Уже потом, когда он выучился заново ходить, пришел, пошатываясь, в умывальник, переоборудованный в душевую, Кудесник узнал в нем выходца с того света и дружелюбно подмигнул:

— Раздевайся, братишечка…

Саша, дергая плечами, провел рукой по стриженой и неровно обрастающей седыми волосами голове, вздохнул.

— Что, — улыбнулся Кудесник, — кудри еще не отросли?.. Ничего, обойдется. А тогда у тебя живые волосы ворочались. Теперь вижу, тебе полегчало. Заходи, братишечка, помой свои кости.

Саша разделся, зашел за перегородку.

— Тебе какой — горячей или холодной? — Кудесник откручивал краники.

— От холодной пальцы немеют, — слабым голосом ответил Саша.

— Ну вот… Такая тебе в самый раз, — подставил он руку под теплую струю воды. — Ты пока поплещись, а я твои шмотки прожарю.

Пока Поляник улыбался бескровными губами под душем, все еще не веря в то, что это с ним происходит наяву, Кудесник засунул его одежду в дезкамеру.

— Такая страсть немытому, — слышался его участливый голос. — Применяемся как можем… Хозяева узнали о бане, разорили «кабан». Да мы построили еще… Сам-то из каких краев?

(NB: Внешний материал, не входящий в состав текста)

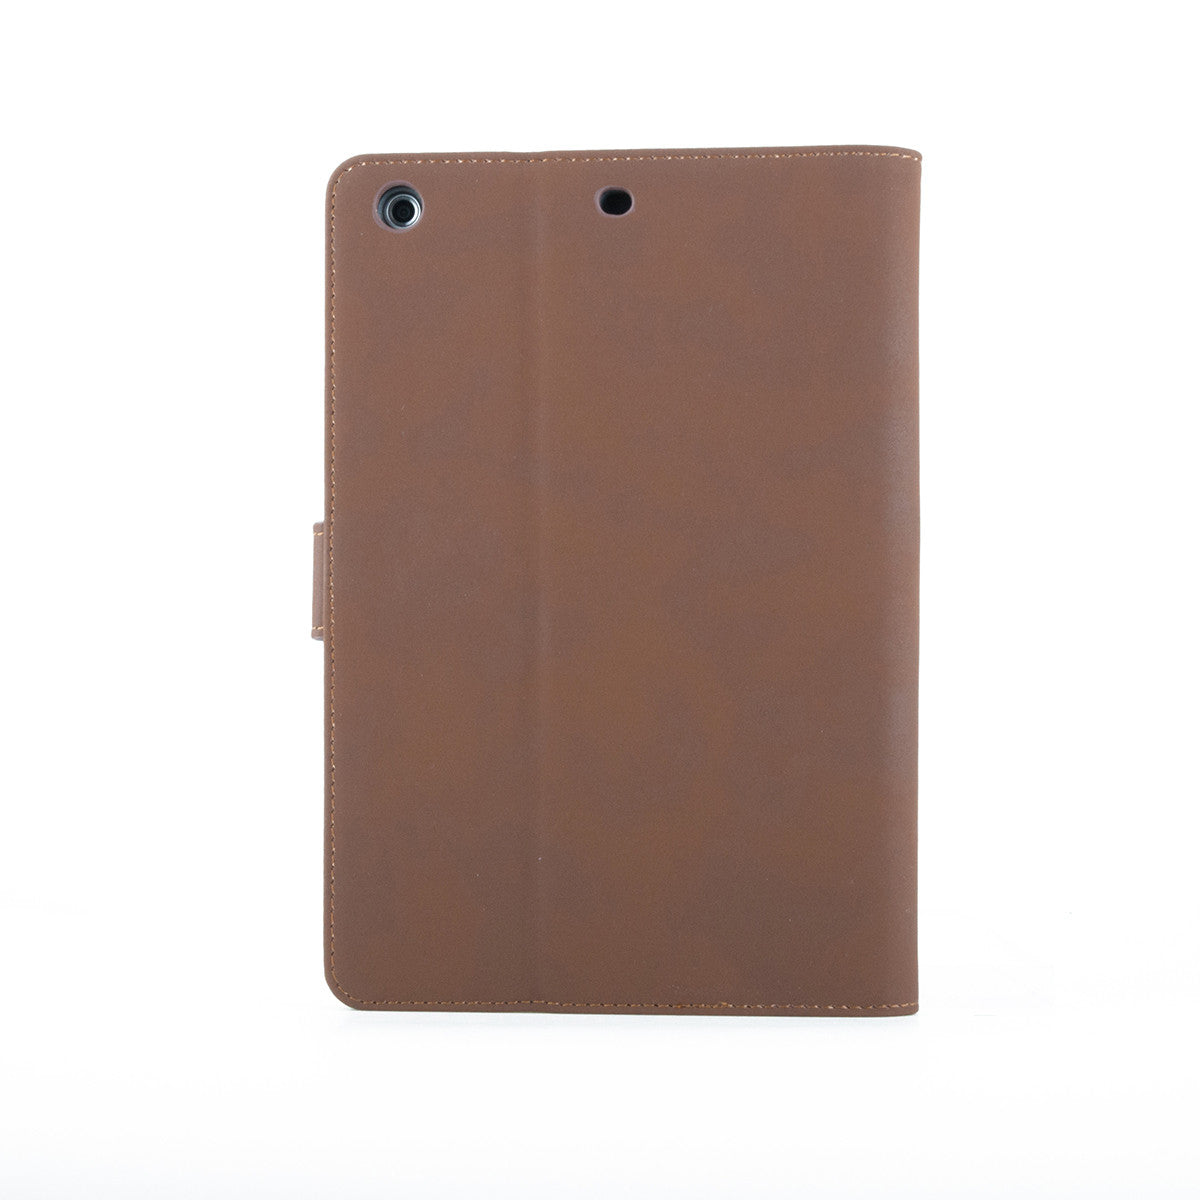 Bracevor Executive Brown Smart Leather Case for Apple iPad mini 1

— Тутошний я, — ответил Саша все еще не повинующимся голосом. — Из Сельца.

— Ага, значит, местный! — оживился Кудесник. — На вот, у меня обмылочек отыскался. Ты получше мойся. А я тебе и спину потру. — Но тут же сдвинул суровые брови, увидев, до чего изверги довели парня. — Э-э, да у тебя на теле и синяку негде встать, — проговорил он, осторожно намыливая его спину. — За что же они тебя так, братишечка?

— З возу один побиг…

Кудесник опустился на табуретку, некоторое время молча смотрел в пол.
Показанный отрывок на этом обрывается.